Hopea forbesii
- Conservation status: Near Threatened (IUCN 3.1)

Scientific classification
- Kingdom: Plantae
- Clade: Tracheophytes
- Clade: Angiosperms
- Clade: Eudicots
- Clade: Rosids
- Order: Malvales
- Family: Dipterocarpaceae
- Genus: Hopea
- Species: H. forbesii
- Binomial name: Hopea forbesii (Brandis) Slooten
- Synonyms: Shorea forbesii Brandis

= Hopea forbesii =

- Genus: Hopea
- Species: forbesii
- Authority: (Brandis) Slooten
- Conservation status: NT
- Synonyms: Shorea forbesii Brandis

Species of flowering plant

Hopea forbesii is a species of flowering plant in the family Dipterocarpaceae. It is a tree endemic to eastern New Guinea (Papua New Guinea).

It is a large tree, growing up to 32 metres tall with a trunk up to 100 cm in diameter. It grows in the lowland evergreen rain forests of eastern New Guinea, up to 1000 metres elevation, where it is locally common. It is known from coastal forest in Milne Bay Province and its islands, and coastal and inland forests of Central Province, Morobe Province, and Western Province.

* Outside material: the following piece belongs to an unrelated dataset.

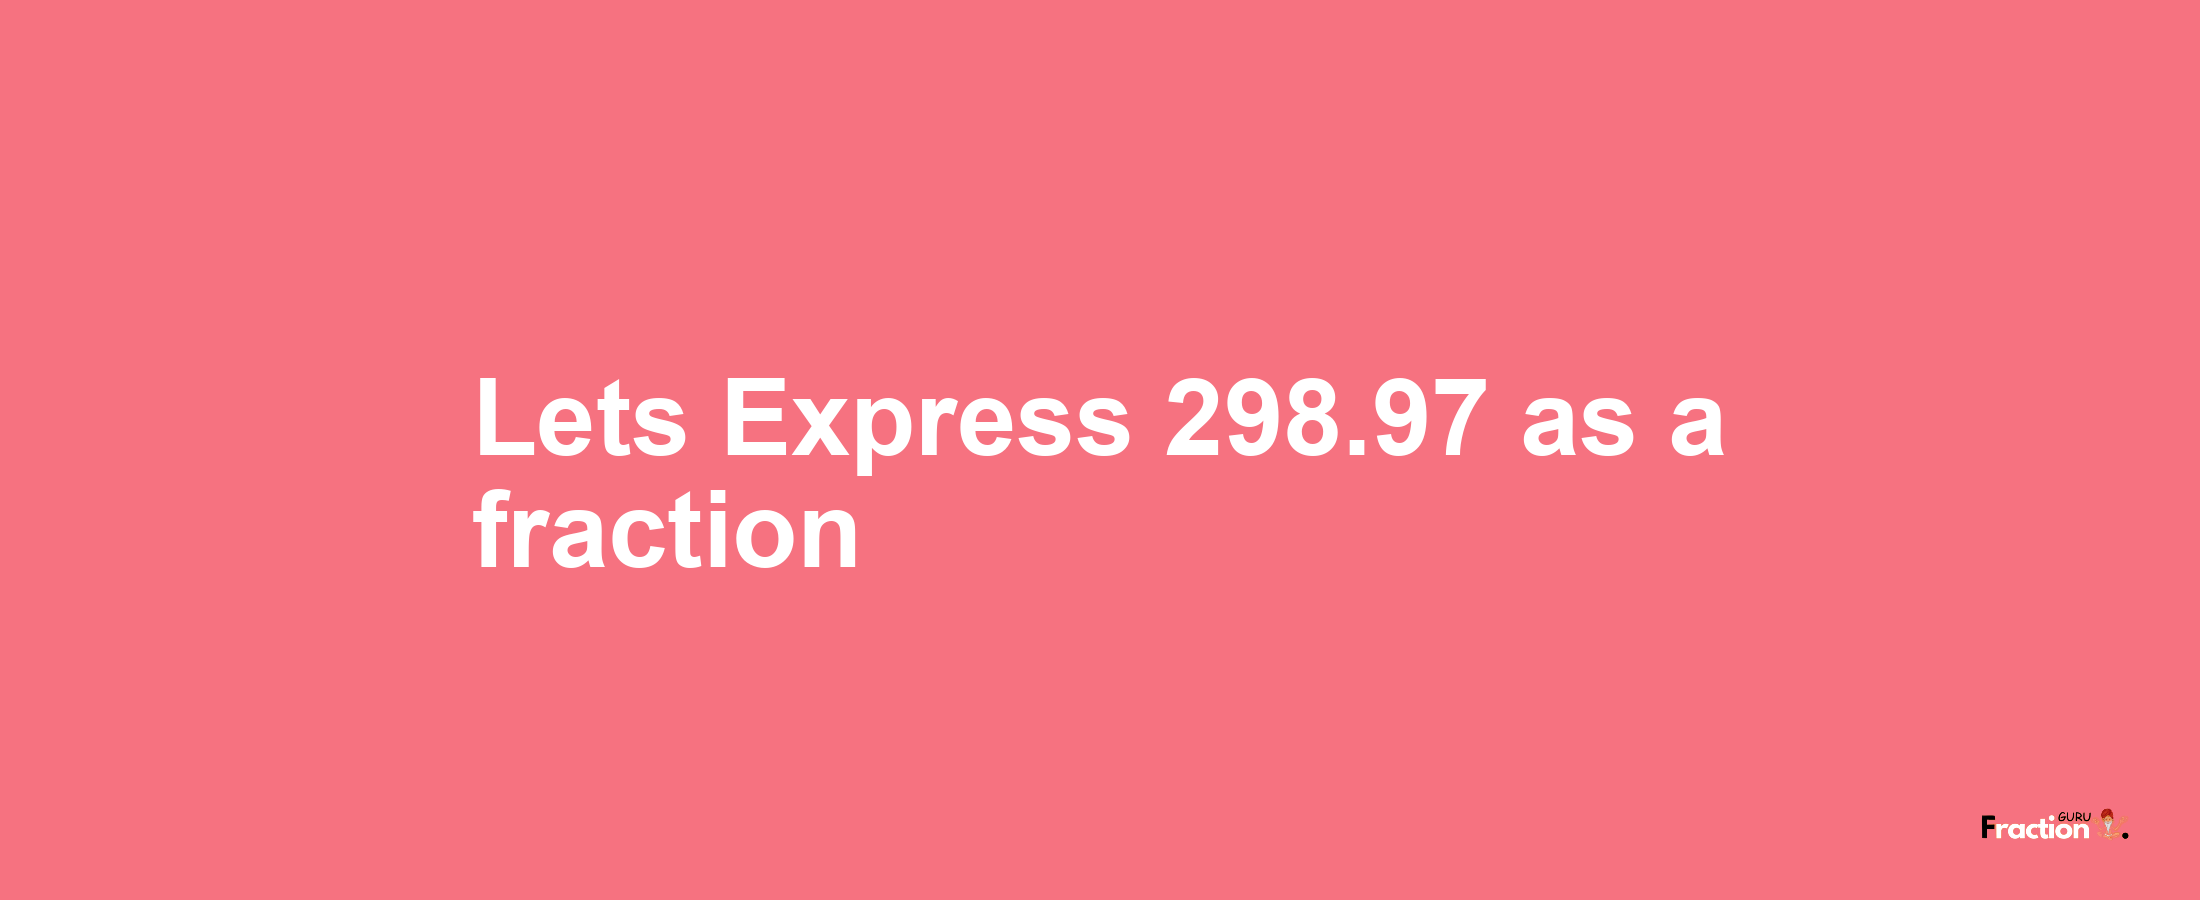 Lets Express 298.97 as afraction

The species is threatened by logging for timber, and habitat loss from the expansion of subsistence farming. The IUCN Red List assesses the species as near threatened.

The species was first described as Shorea forbesii by Dietrich Brandis in 1894. In 1961 Dirk Fok van Slooten placed the species in genus Hopea as H. forbesii.